### Problem requirements
In the records below, find the line that contains "Игрушка для собак Dezzie Мяч. Баскетбол, диаметр" and the line that contains "えきねっとアプリ「事前に登録したSuica」を選択", then retype exactly those two lines and every line between them.

### Provided data

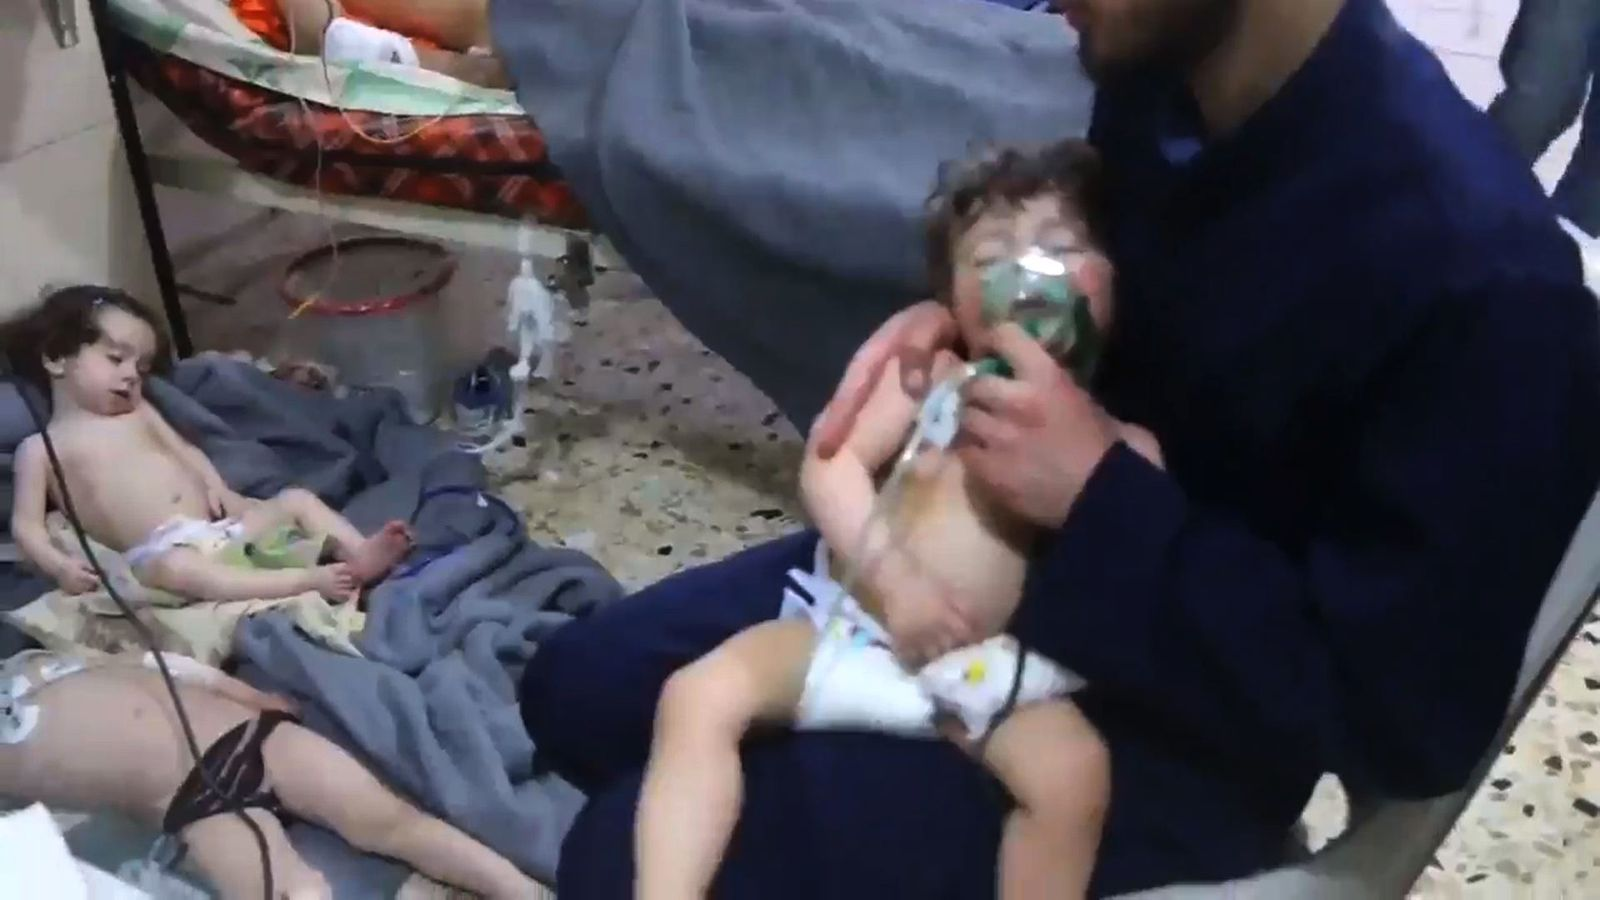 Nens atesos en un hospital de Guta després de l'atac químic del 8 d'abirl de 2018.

--

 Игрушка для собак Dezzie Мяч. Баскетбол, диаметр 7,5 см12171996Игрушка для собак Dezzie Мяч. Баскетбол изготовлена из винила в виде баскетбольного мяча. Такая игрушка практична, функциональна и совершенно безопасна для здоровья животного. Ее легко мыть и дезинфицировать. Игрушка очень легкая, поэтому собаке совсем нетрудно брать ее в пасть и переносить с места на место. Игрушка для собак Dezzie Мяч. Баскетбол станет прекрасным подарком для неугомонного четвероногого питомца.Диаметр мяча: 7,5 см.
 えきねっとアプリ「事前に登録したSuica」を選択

==

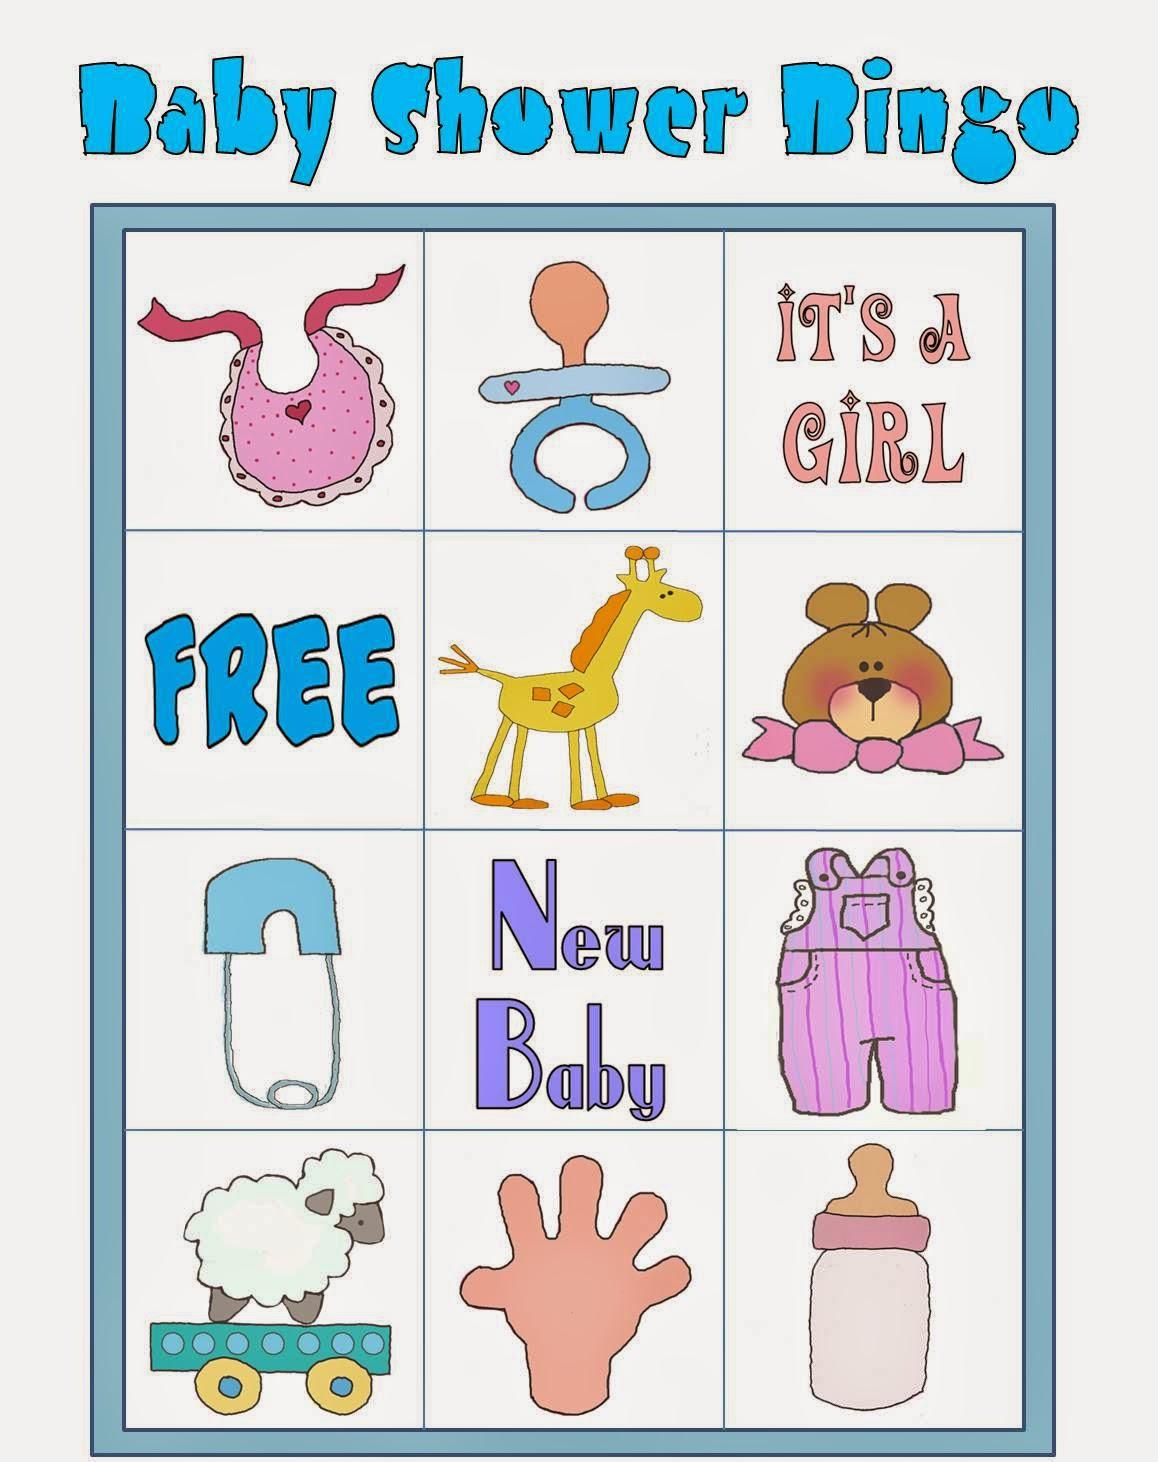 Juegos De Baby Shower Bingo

### Completed exercise
 Игрушка для собак Dezzie Мяч. Баскетбол, диаметр 7,5 см12171996Игрушка для собак Dezzie Мяч. Баскетбол изготовлена из винила в виде баскетбольного мяча. Такая игрушка практична, функциональна и совершенно безопасна для здоровья животного. Ее легко мыть и дезинфицировать. Игрушка очень легкая, поэтому собаке совсем нетрудно брать ее в пасть и переносить с места на место. Игрушка для собак Dezzie Мяч. Баскетбол станет прекрасным подарком для неугомонного четвероногого питомца.Диаметр мяча: 7,5 см.
 えきねっとアプリ「事前に登録したSuica」を選択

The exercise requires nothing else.